Every day, entrepreneurs are faced with new and shifting circumstances, and need to develop strategies to handle challenges and adapt. For some entrepreneurs, this is one of the joys of being a small business owner. But unfortunately, others find it too overwhelming. This is one of the factors associated with the high rate of business closure, along with lack of key business skills.

The good news is, you can practice small business resilience!

Practice getting out of your comfort zone

The more challenges we overcome as entrepreneurs, the more incremental successes we have, and the more confident we become in doing it again next time. Stretching ourselves outside of our comfort zone is a conscious activity, but if you’re not accustomed to it, it needs to happen one step at a time. Here’s how to start.

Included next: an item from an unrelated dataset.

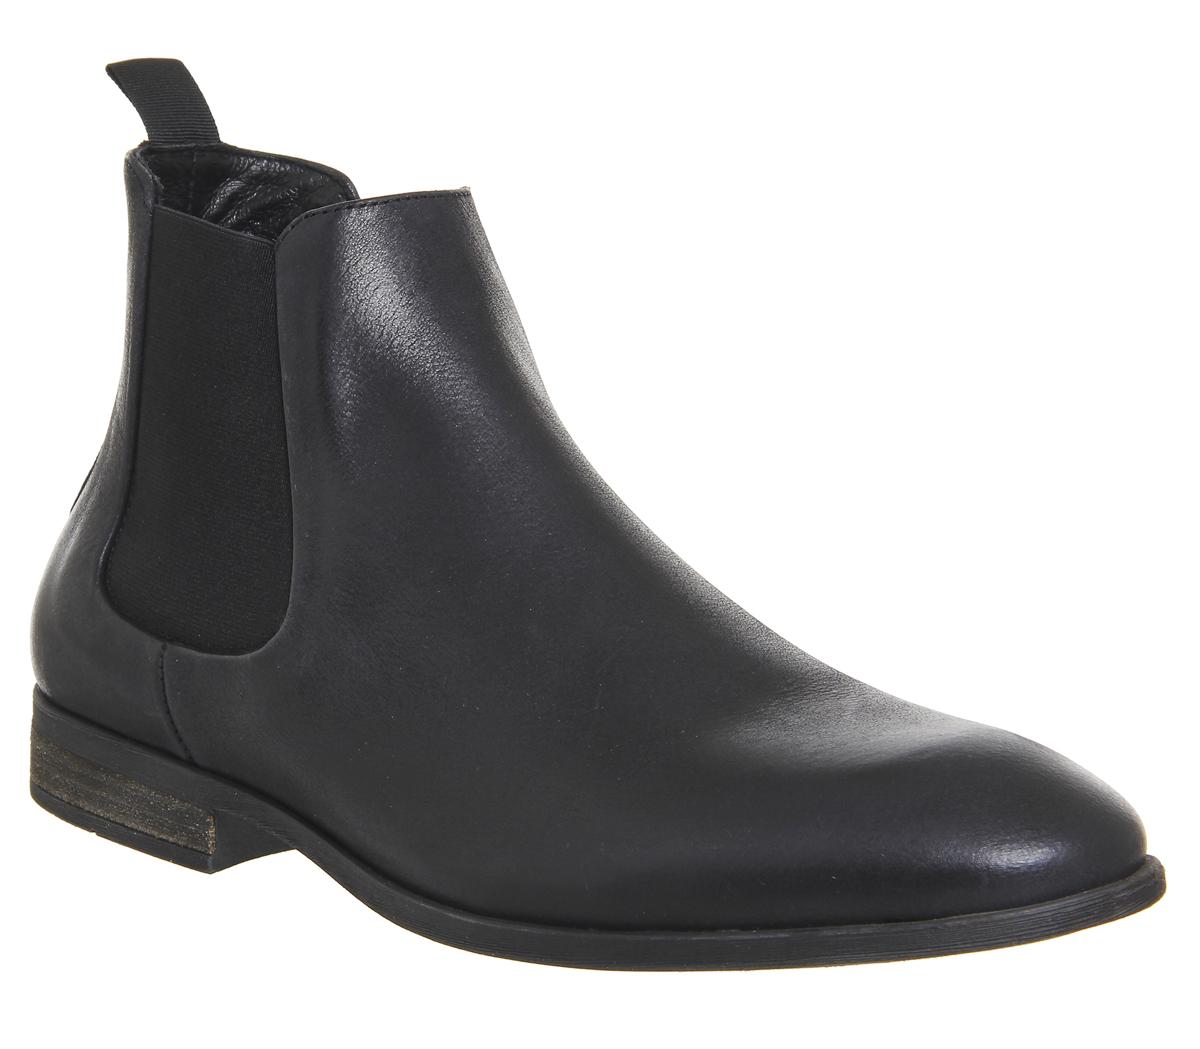 Ask the Missus Etta Chelsea Boots Black Nubuck - Boots

Think about the last time you resisted or delayed doing a business activity that made you feel nervous or uncomfortable. What about it exactly made you feel that way?

Then, picture yourself actually doing that uncomfortable activity. Take your time and create a vivid picture of yourself confidently and comfortably doing the activity, as if you’ve done it many times before. This will not only help you problem-solve ways to succeed, but you’ll give yourself a well-needed confidence boost as well.

Taking small steps to get out of your comfort zone as an entrepreneur means that you’ll learn something, and have a deeper appreciation of your true abilities – and that means a more rewarding and enriching entrepreneurial experience.